Statistical Analysis

Analysis of algorithm performance in both the derivation and validation cohorts was conducted with and without correction for clinical artifacts. Each algorithm’s sensitivity, specificity, and overall accuracy were estimated using logistic regression. To account for varying numbers of breaths and events across patients (Supplementary Table S6) we used the patient-specific total number of breaths, number of asynchronous breaths, and number of non-asynchronous breaths present in the gold standard as weights in the logistic regression model when modeling overall accuracy, sensitivity and specificity.

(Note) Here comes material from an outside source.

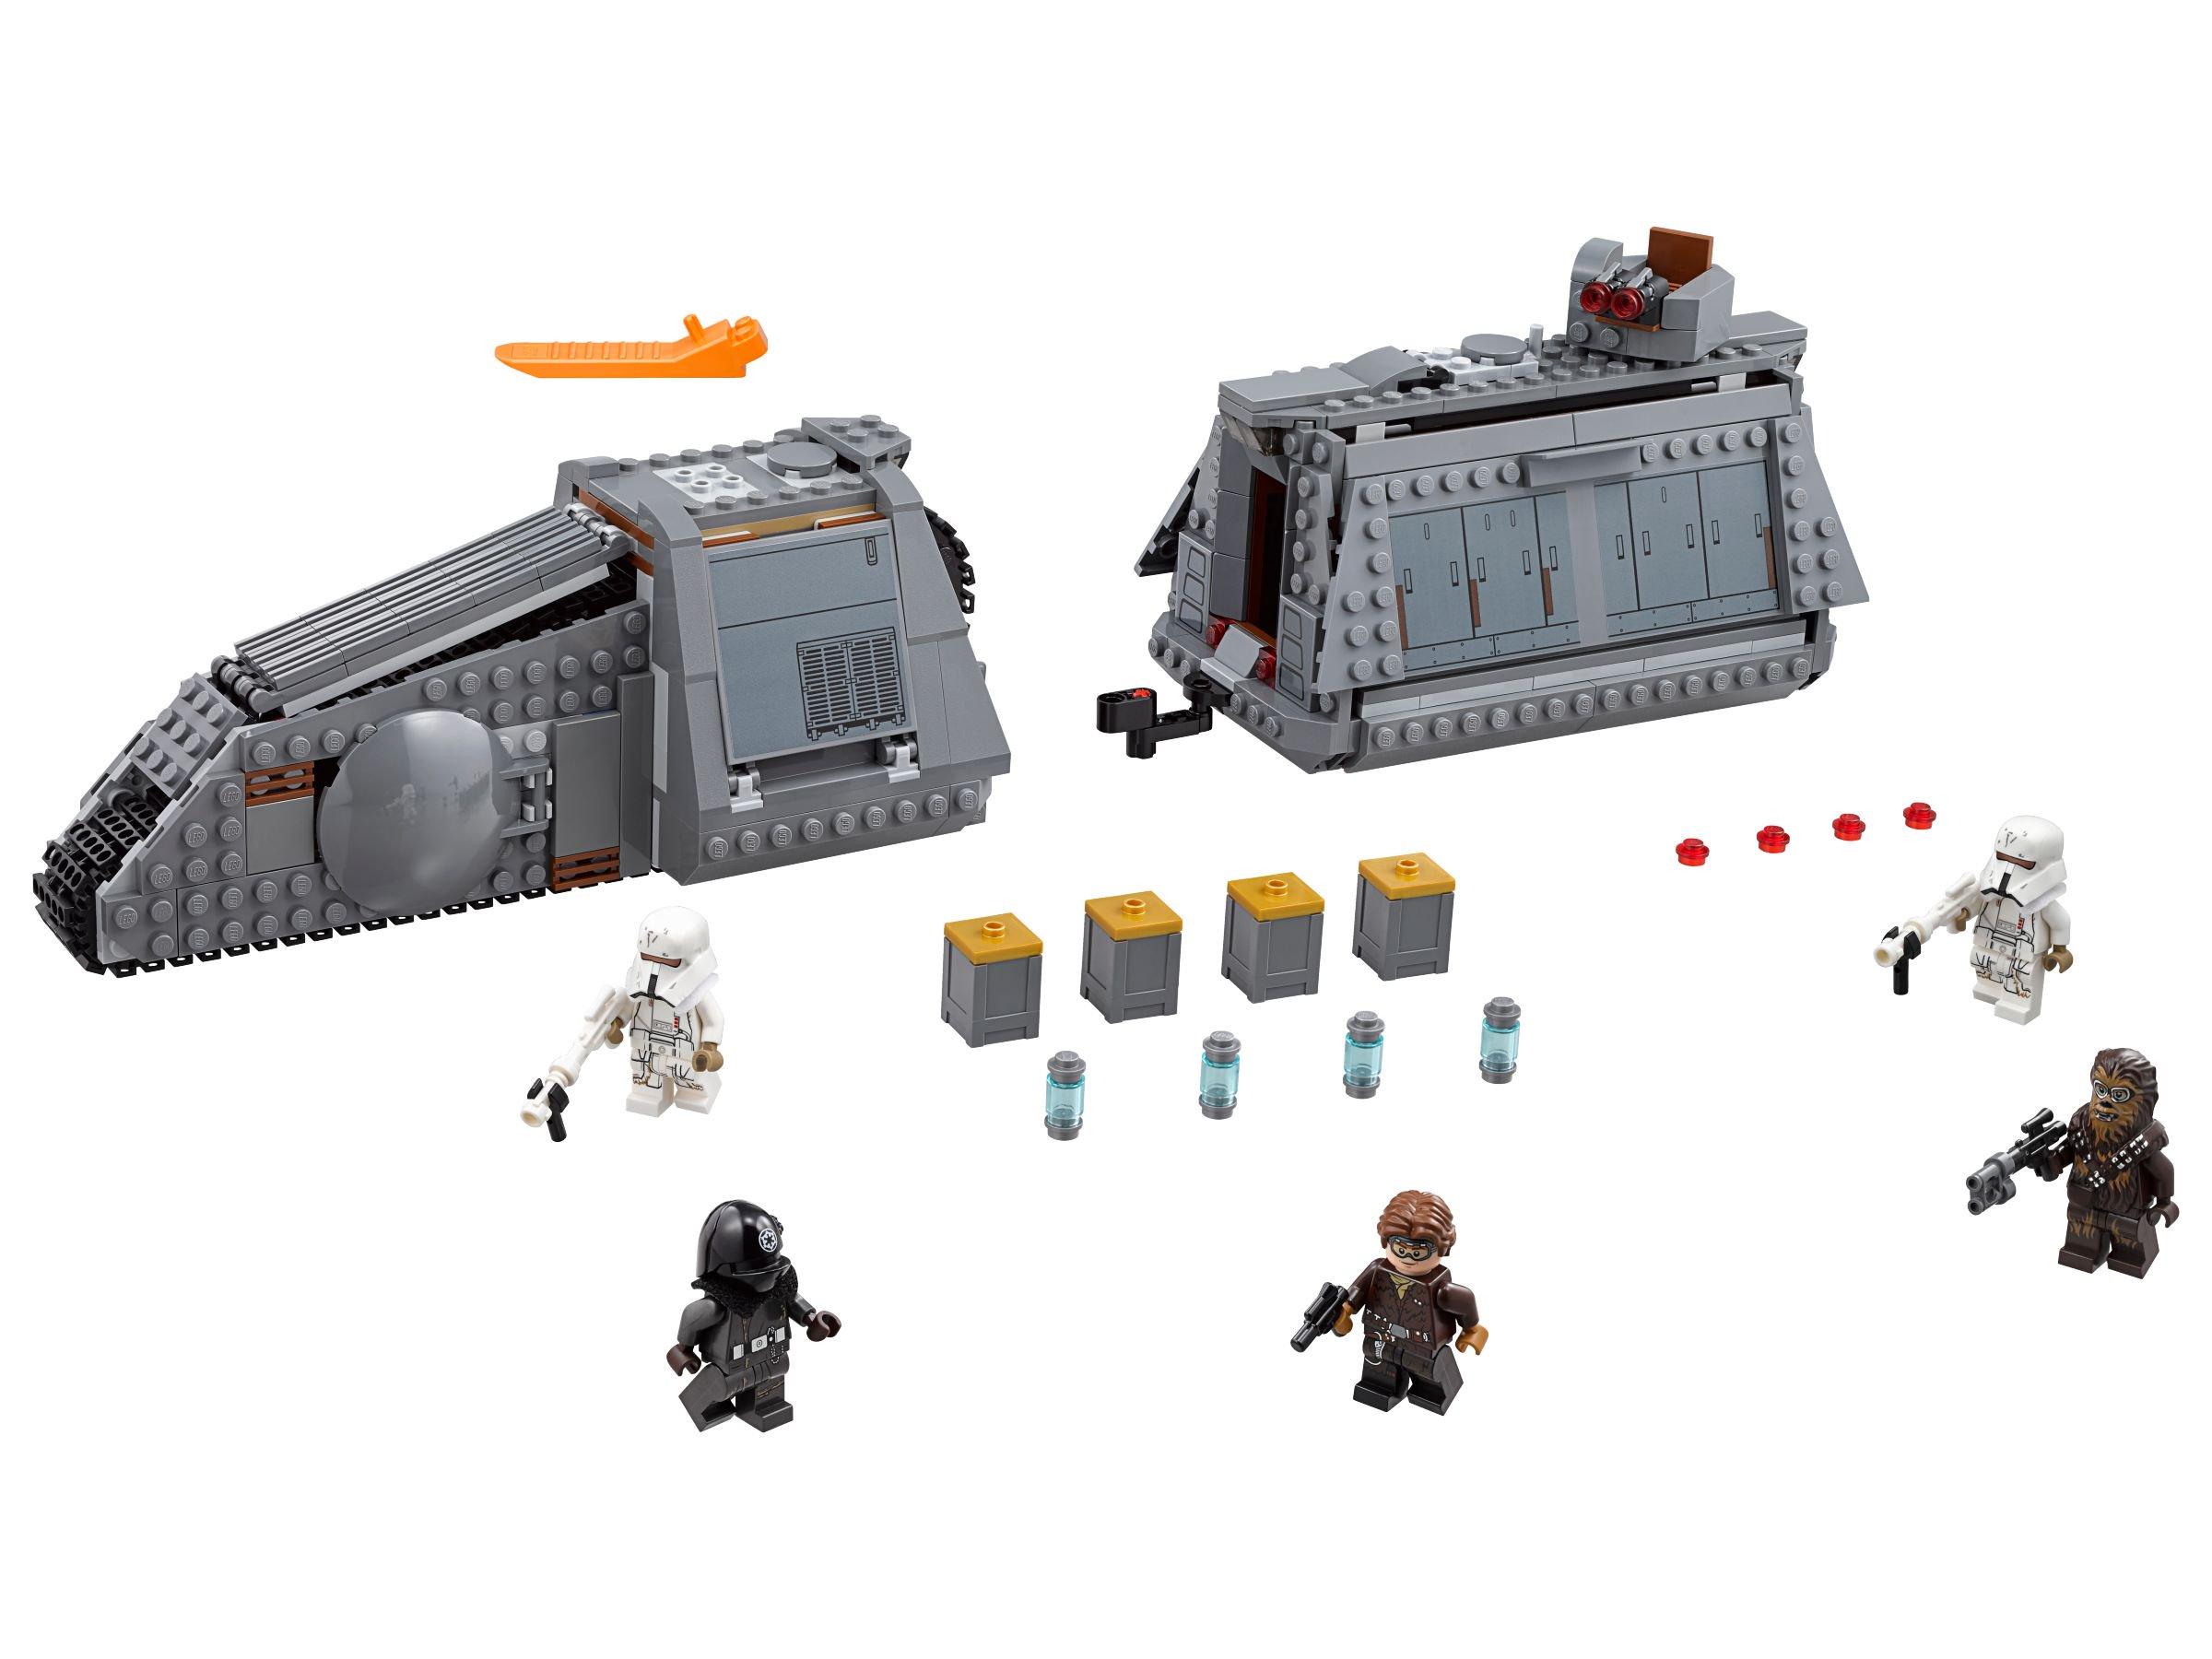 LEGO Star Wars - Imperial Conveyex Transport (75217) Amazon UK 48,20 Euro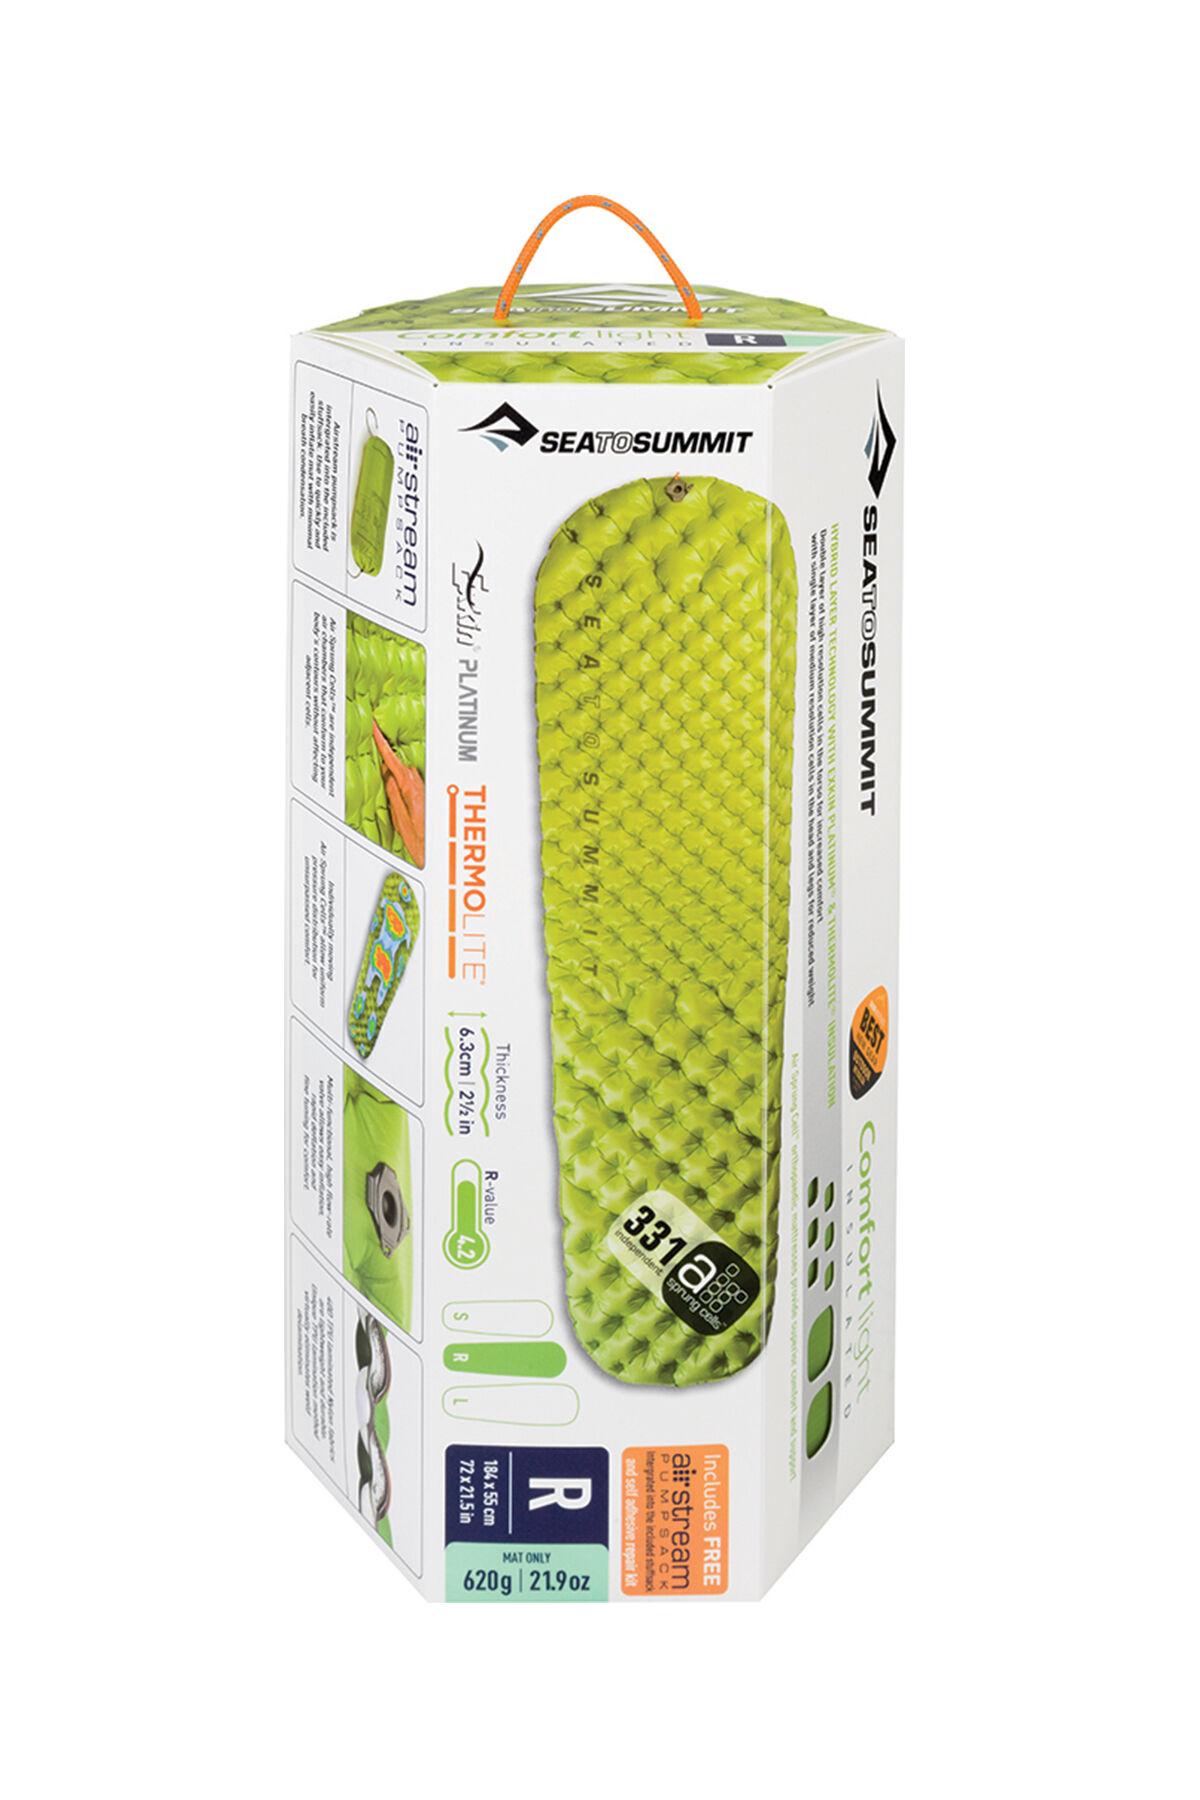 REGULAR AIR SPRUNG Outdoor Camping Sleeping Bed Comfort Light Insulating Mat

Algorithm performance with and without artifact correction was compared by estimating the differences in sensitivity, specificity, and accuracy between the two results for each patient and then fitting a weighted least squares regression with weights as described above. The only term in the regression was the intercept term, which represents the difference in performance between the two classification sets. The model tested whether the intercept differed significantly from zero, accounting for the varying number of breaths and events across subjects. Weighted logistic regression was also used to compare differences in estimated TV with and without TV-fusion, and the difference in the proportions of TVV classes. For this analysis, TVV were classified as 0, 1, 2, and 3 for no violation (0) to severe violation (3), respectively (Fig. 4). To compare TVV violations, the ratings were considered integers. For each breath, the difference in ratings between fused and unfused estimates was calculated. These differences were then averaged for each patient in the validation cohort and a weighted linear regression with the number of breaths per patient as the weights was used to test for a difference between fused and unfused values. All results are presented as mean differences with 95% confidence intervals. All hypothesis tests were two-tailed and a pre-specified p-value of <0.05 for all comparisons was considered statistically significant. Statistical analyses were conducted using R Statistical Computing Language Version 3.3.1 (R Core Team 2016).

Data availability

The datasets generated during and/or analyzed during the current study are available from the corresponding author on reasonable request.